## MATERIAL FOR THIS EXERCISE:

☆ ☆ ☆ ☆ ☆

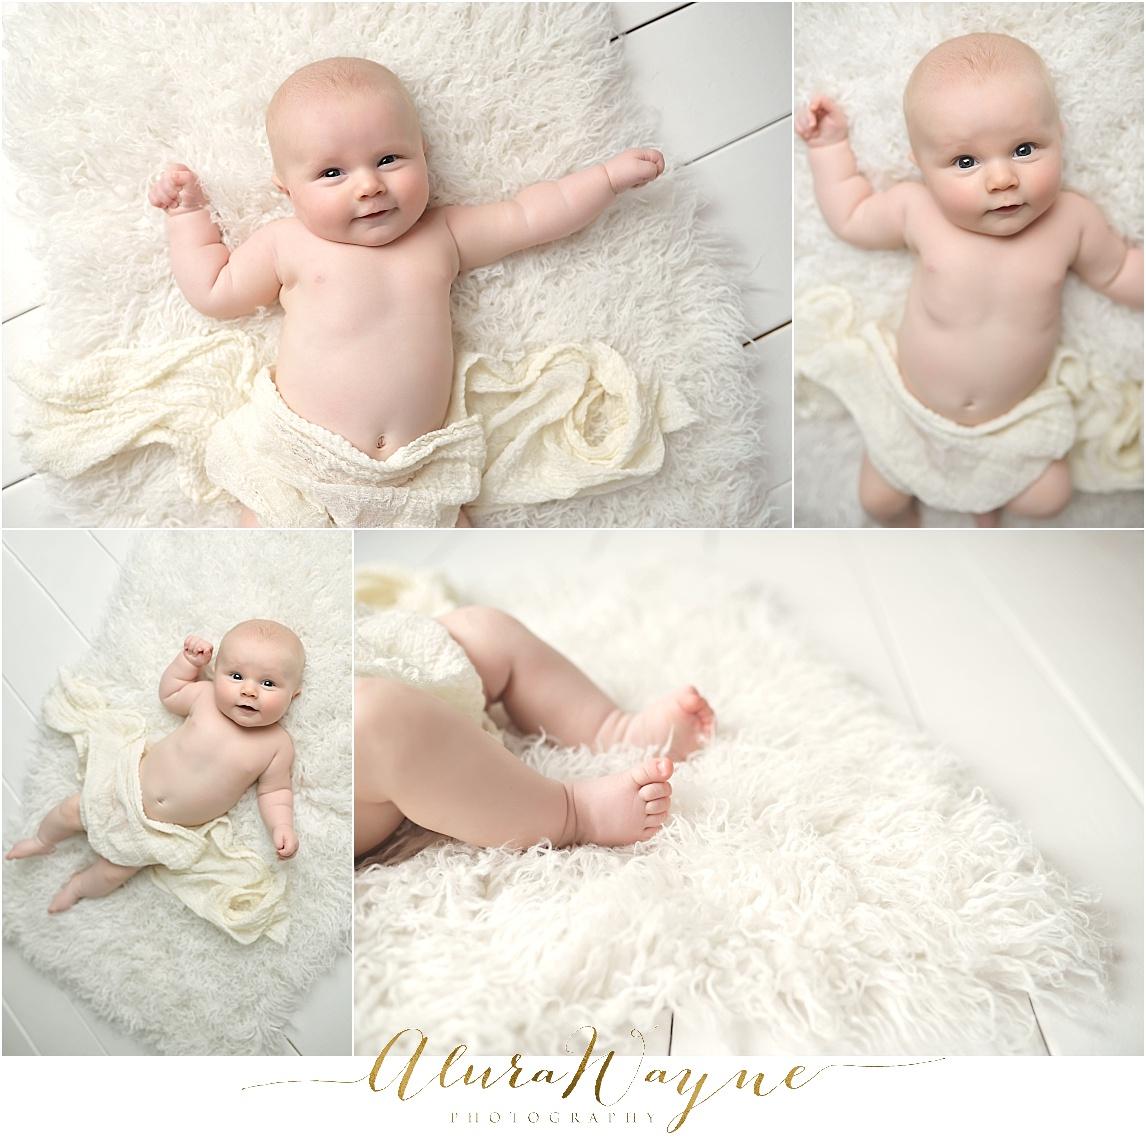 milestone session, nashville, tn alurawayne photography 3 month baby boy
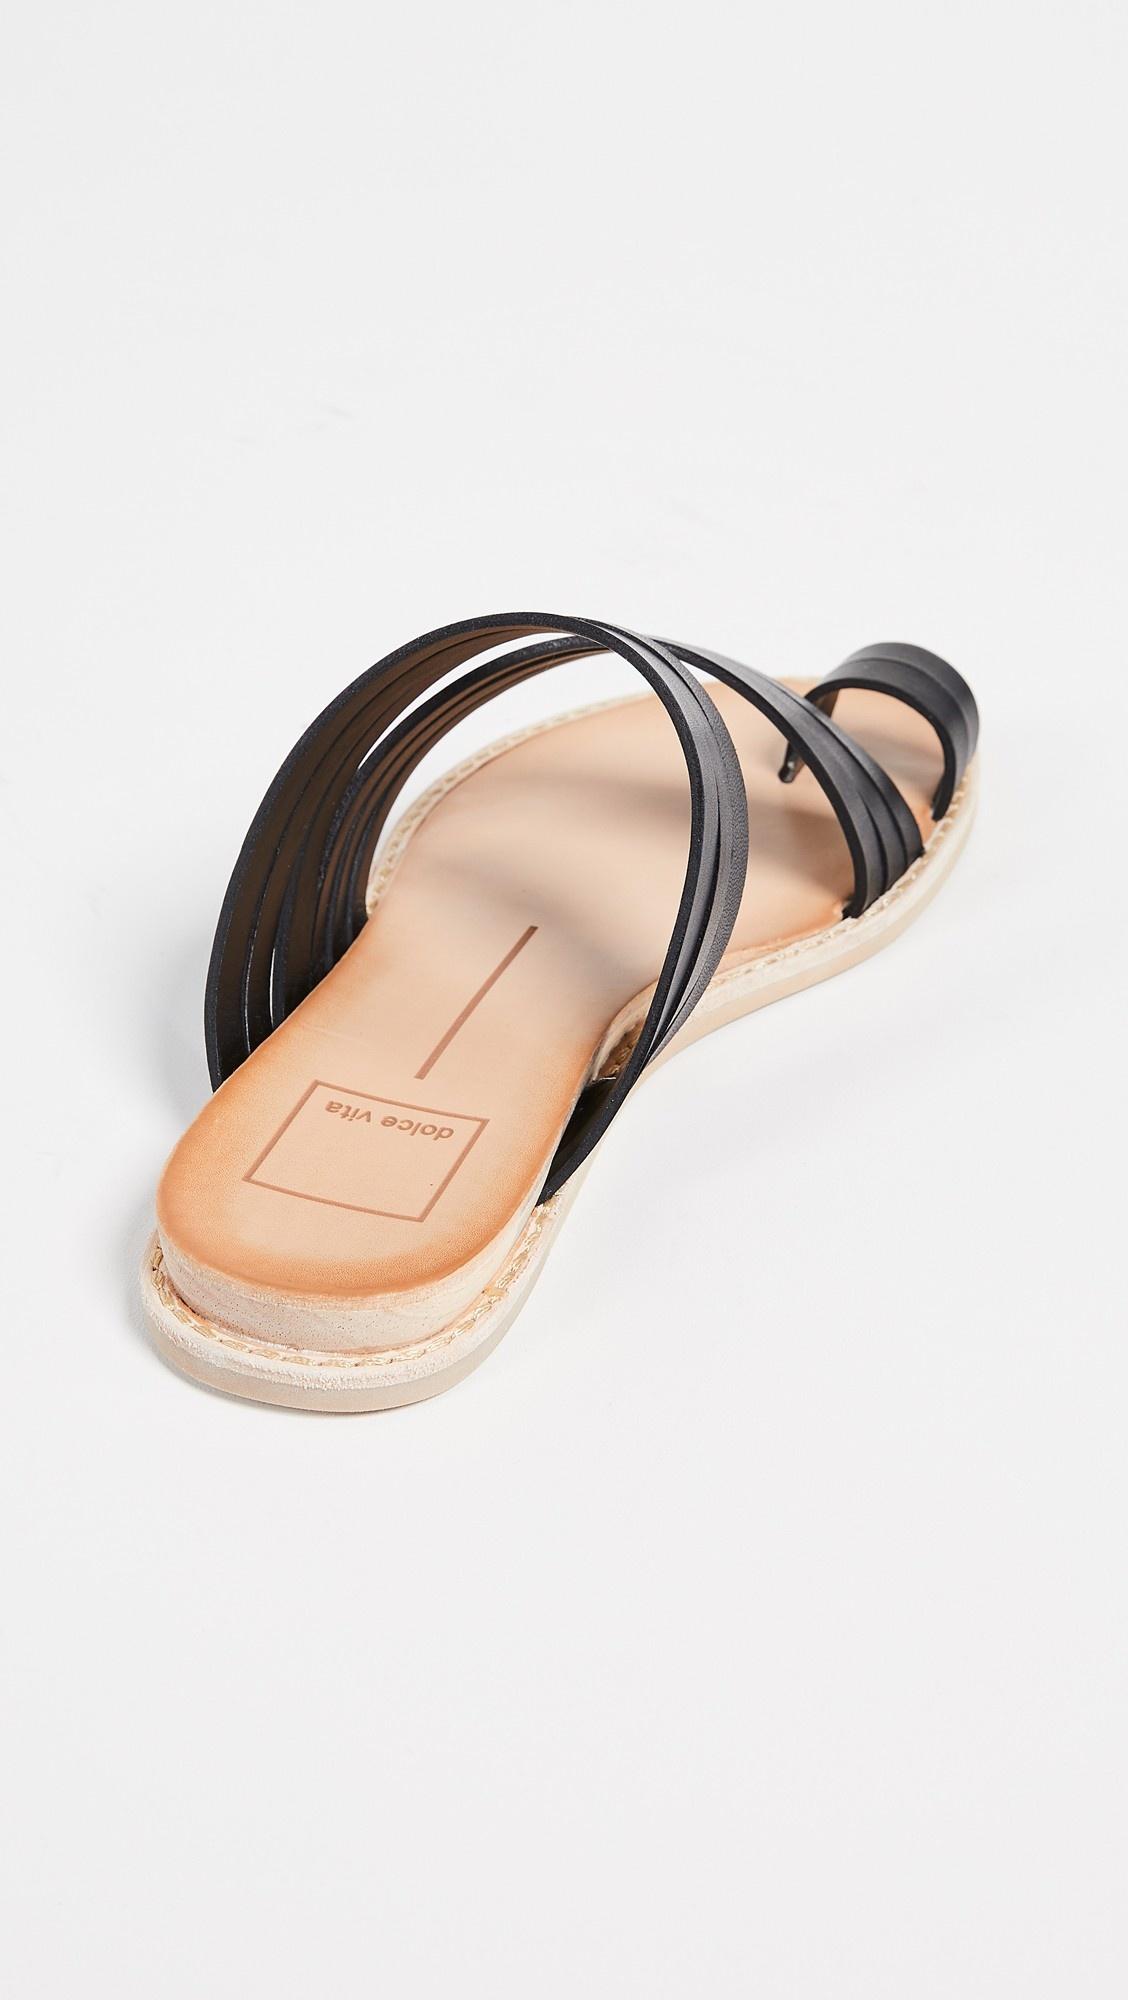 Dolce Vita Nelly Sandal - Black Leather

☆ ☆ ☆ ☆ ☆

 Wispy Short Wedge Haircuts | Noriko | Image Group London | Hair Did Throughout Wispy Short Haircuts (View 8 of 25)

☆ ☆ ☆ ☆ ☆

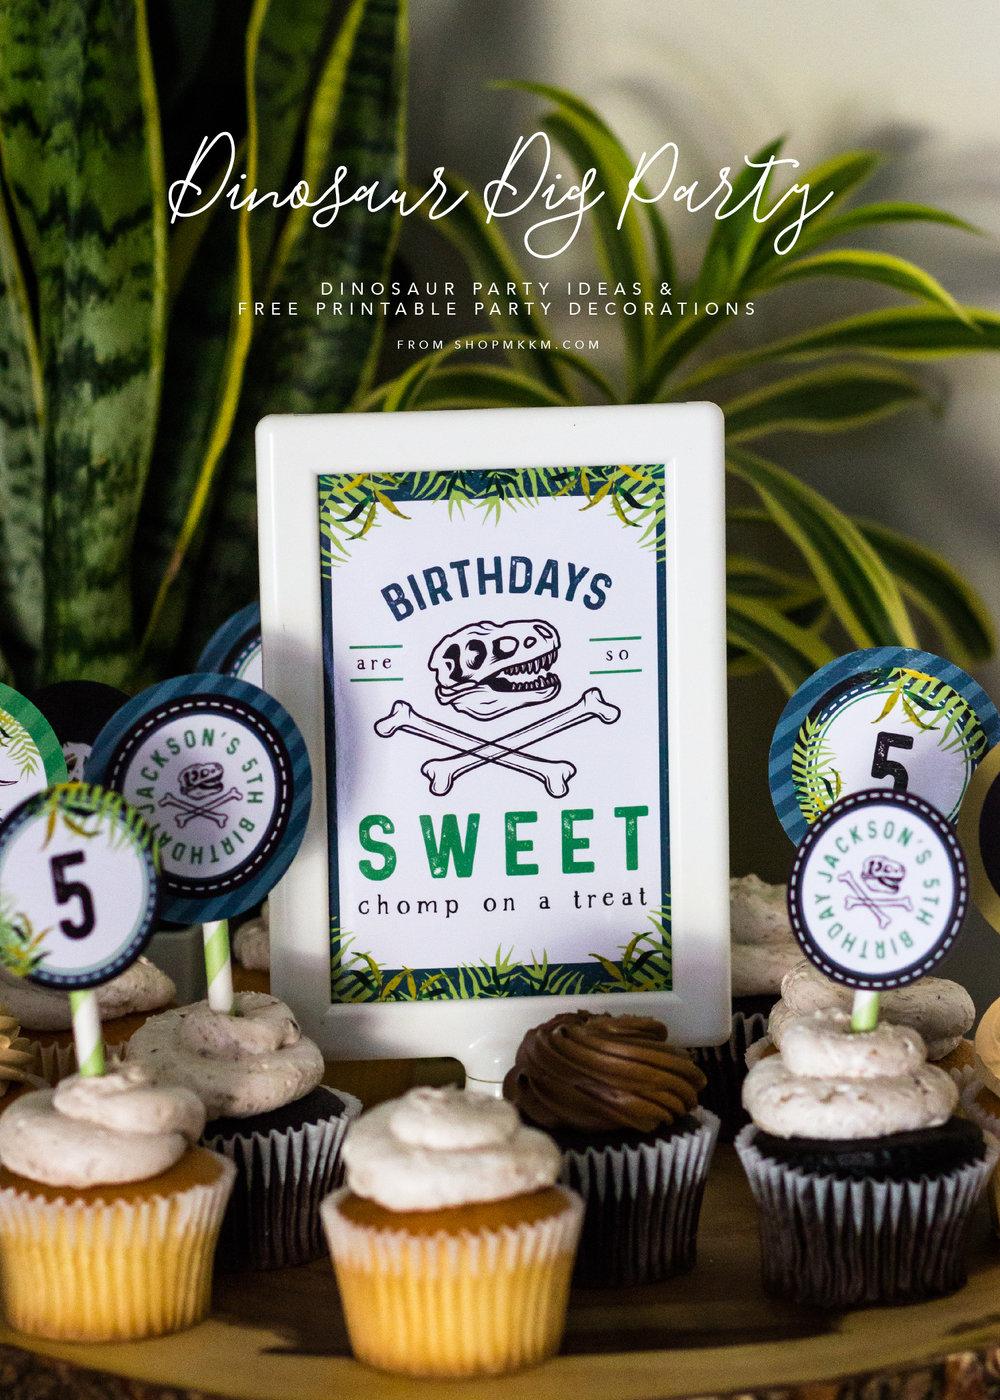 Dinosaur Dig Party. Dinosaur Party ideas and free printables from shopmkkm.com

☆ ☆ ☆ ☆ ☆

## ACTIVITY:
From the records above, copy only the lines running from the line containing "milestone session, nashville, tn" to the line containing "Dolce Vita Nelly Sandal - Black Leather", both ends included. Leave the pictures out.

## TASK RESPONSE:
 milestone session, nashville, tn alurawayne photography 3 month baby boy
 Dolce Vita Nelly Sandal - Black Leather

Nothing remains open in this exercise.